Anders429 / simfile

Apache License 2.0
0 stars 0 forks source link

Parsing of `msd`-style tags #16

Closed Anders429 closed 3 years ago

Anders429 commented 3 years ago

Many simfile formats use msd-style tags, which are of the format #TAGNAME:param0:param1:param2; for an arbitrary number of parameters.These should be uniformly parsed for all of these formats to reduce code duplication.

For the most part, this will be straightforward. However, it should be noted that dwi has a #BACKGROUND tag that unfortunately has a few exceptions to this rule, with ; characters being required within the tag's parameters.

Anders429 commented 3 years ago

As best I can evaluate, MSD-style tags can be generically specified as follows:

A parameter is any string of characters with the characters #, :, ;, \, and optionally / escaped (the / case is only to avoid comments when two / are present sequentially).

A parameter list is one or more parameters, separated by a single : character, terminated by a ; character. Note that these parameters can be empty.

A tagged parameter list is the character # followed by a parameter list.
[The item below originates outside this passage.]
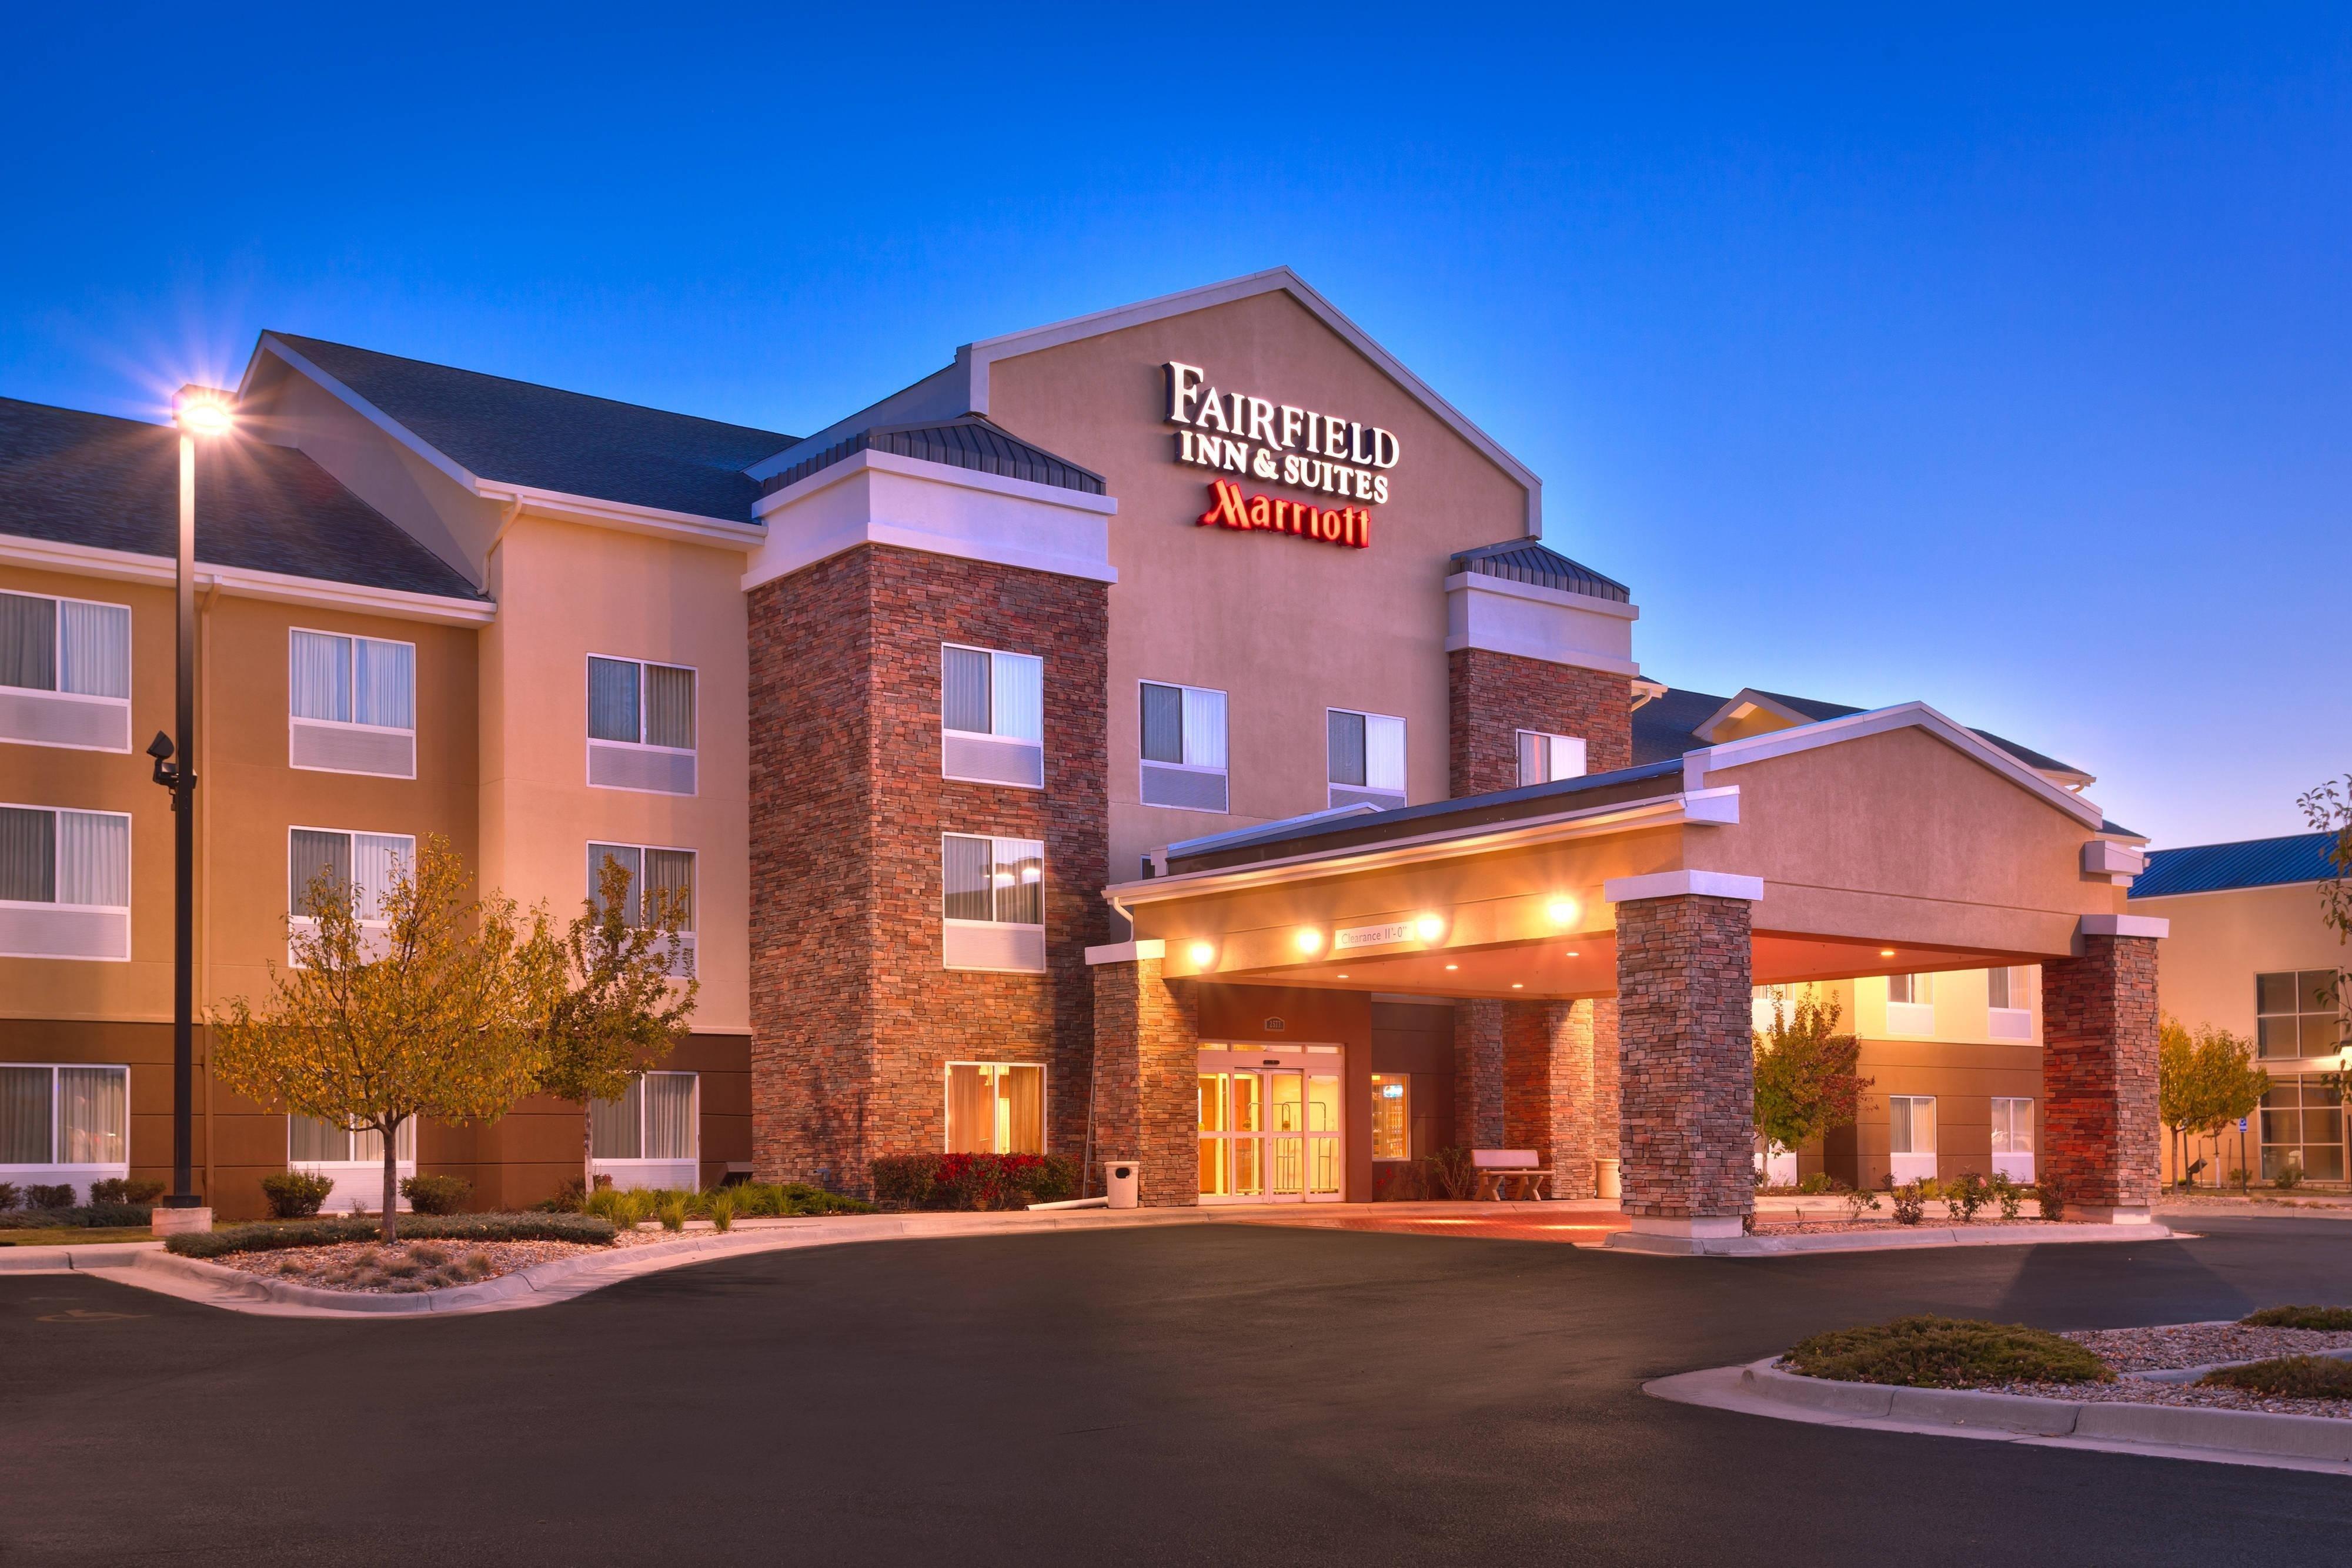 Fairfield Inn & Suites Gillette

A comment is the characters //, followed by any string of characters, terminated by a new line character \n. These are no-ops and are not part of any parameters.
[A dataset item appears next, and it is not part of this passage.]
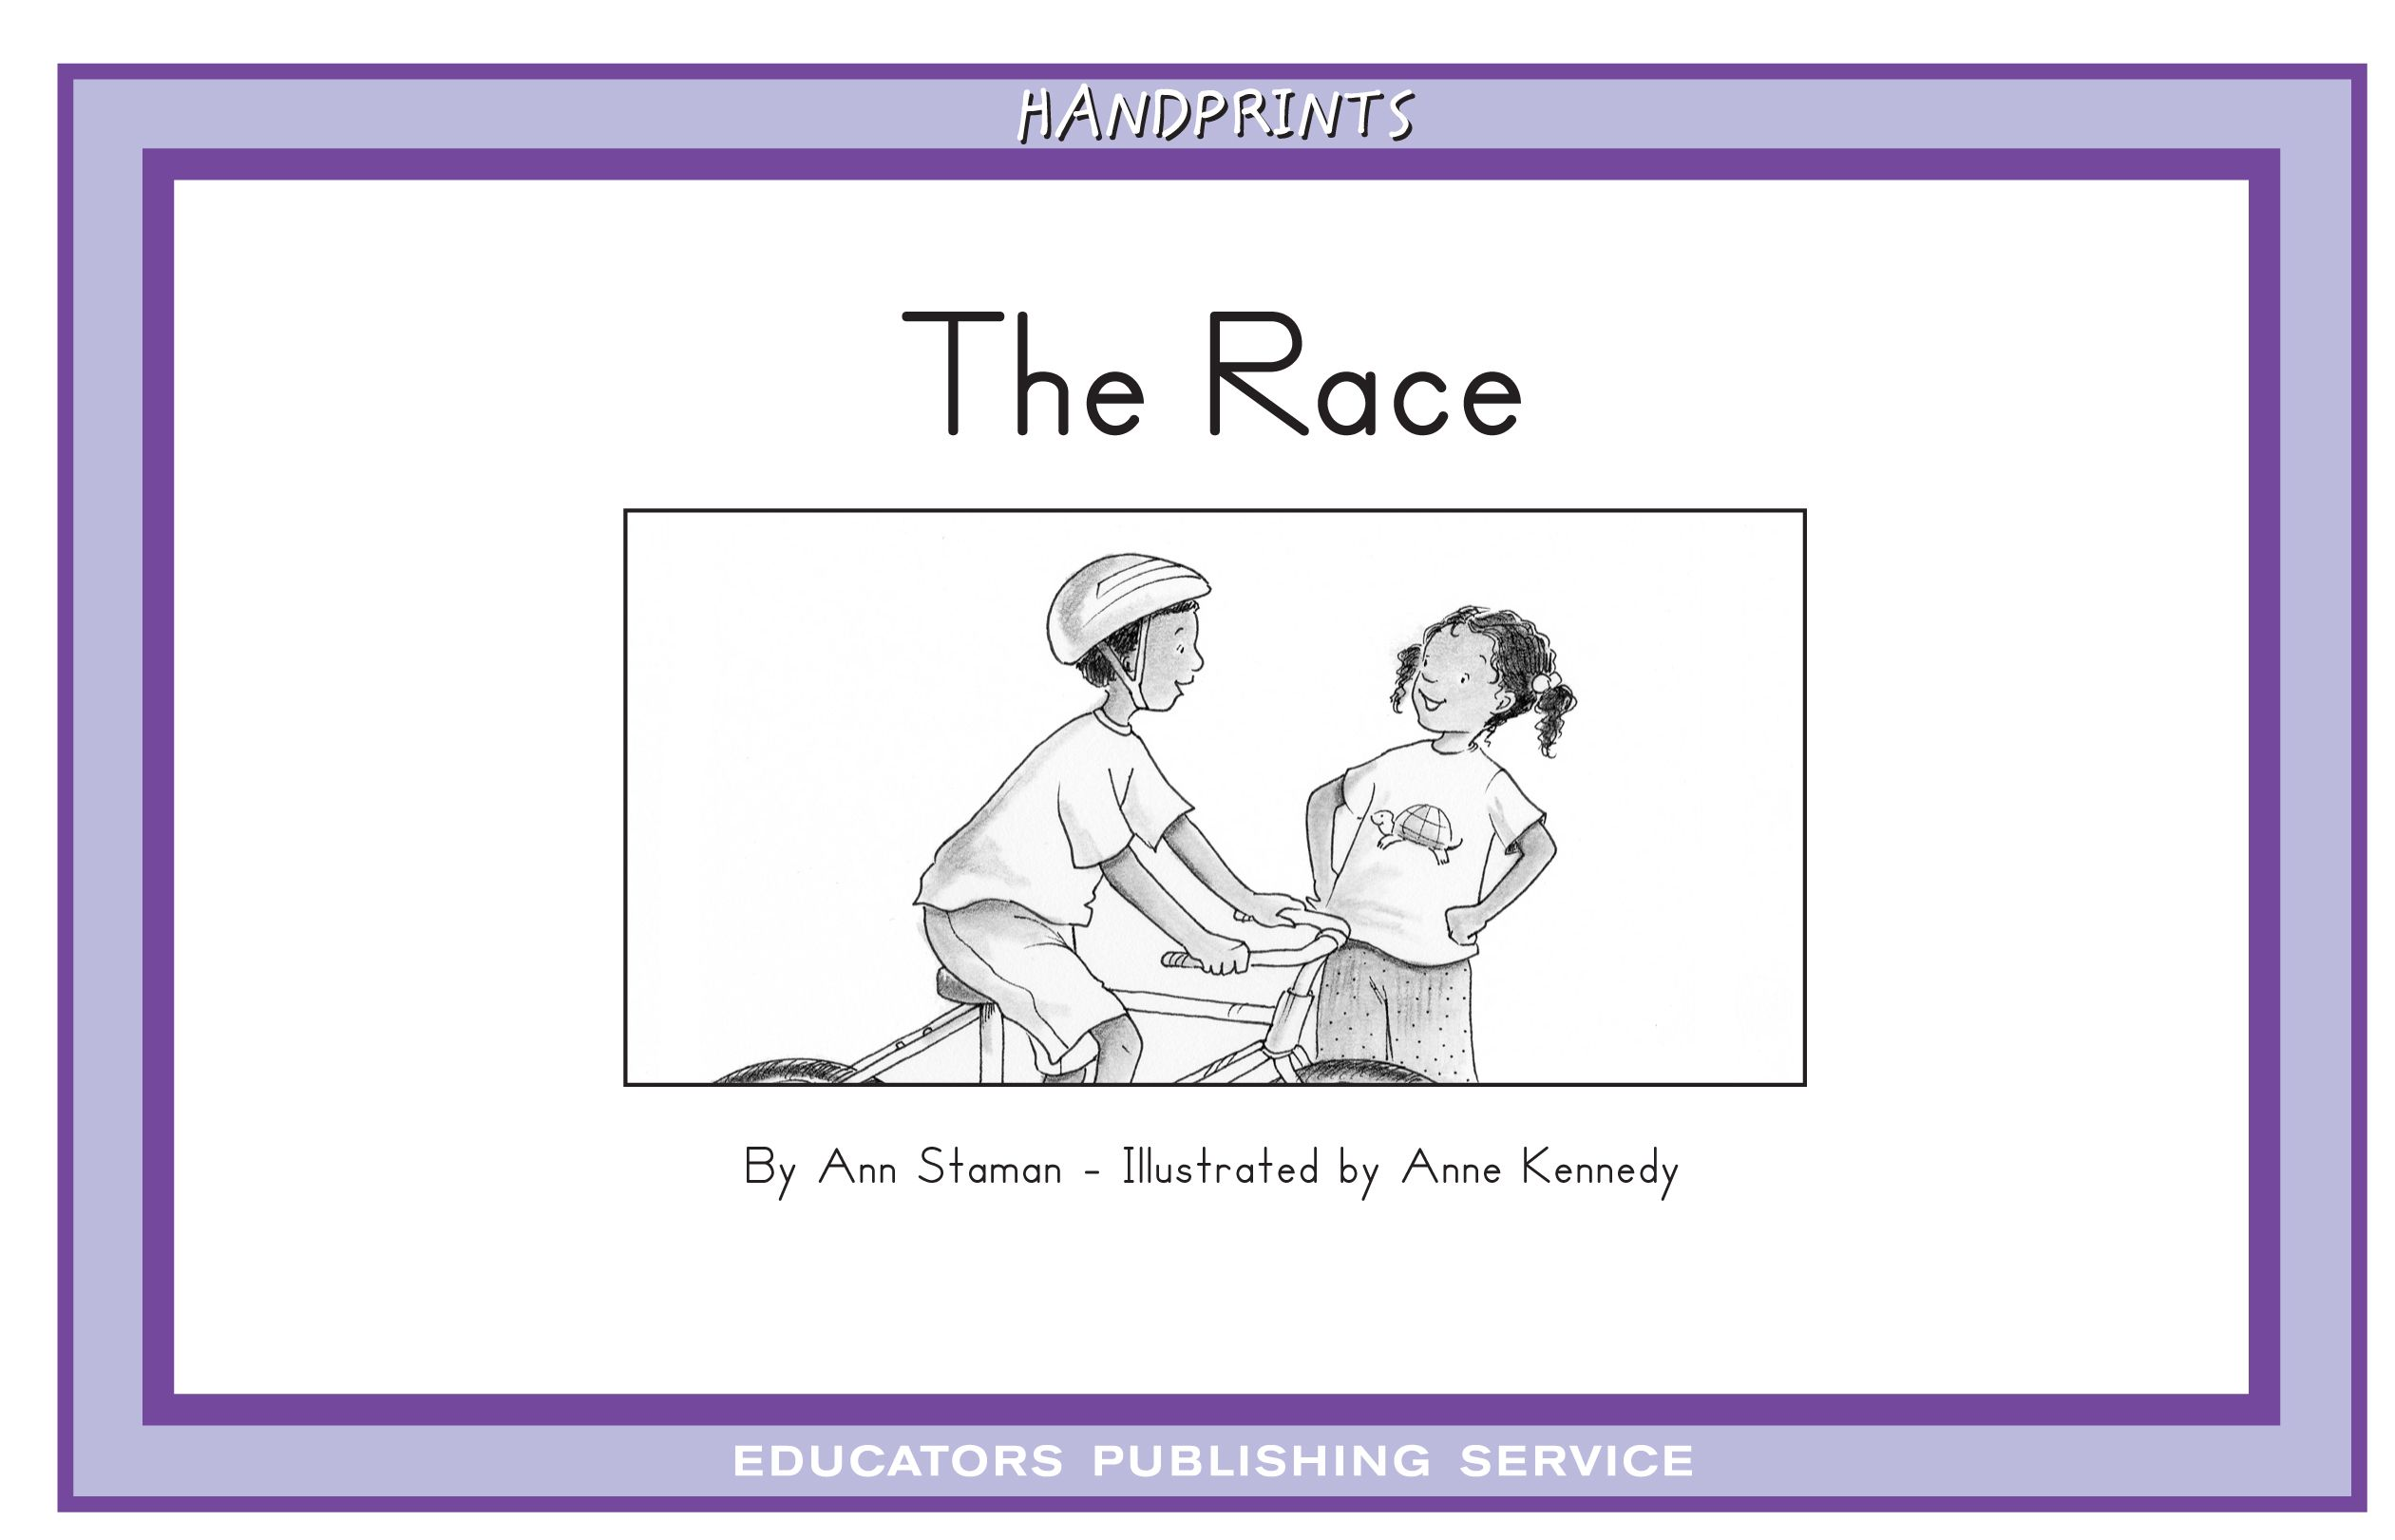 The Race Level 8 Handprints C Set 3 Leveled Readers

An msd-style file is a sequence of parameter lists, tagged parameter lists, comments, and whitespace characters, in any order.
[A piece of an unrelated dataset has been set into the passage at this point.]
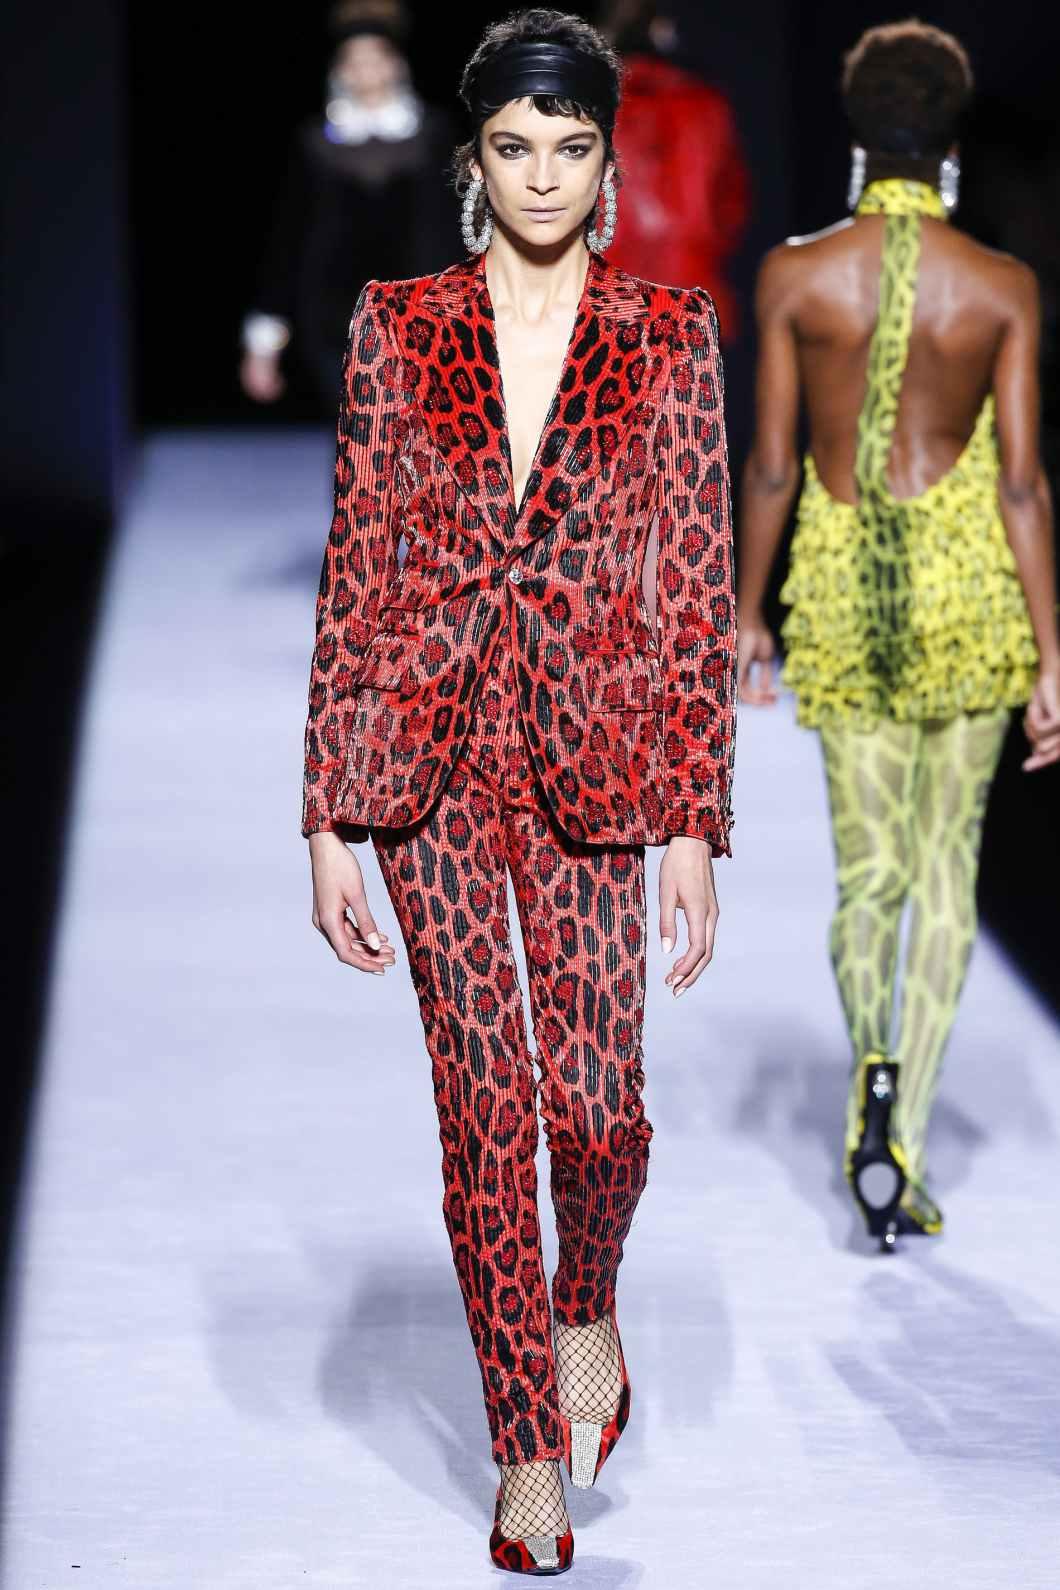 44404873ac98 Animalier, come indossare la moda savage Fall/Winter 2019

Note that a parameter list can have its terminating character ; elided when it is followed by a new line and a tagged parameter list.

At this point I'm not sure if tagged parameter lists have to always appear on new lines, however. It seems like that is the standard, but the SM5 MSD parser only cares about it being after a newline for ; elision. For now, no requirement will be placed on newlines surrounding tagged paramter lists.

Anders429 commented 3 years ago

Note also that comments should be skipped when parsing, as they cannot be preserved between file formats and therefore should simply be dropped.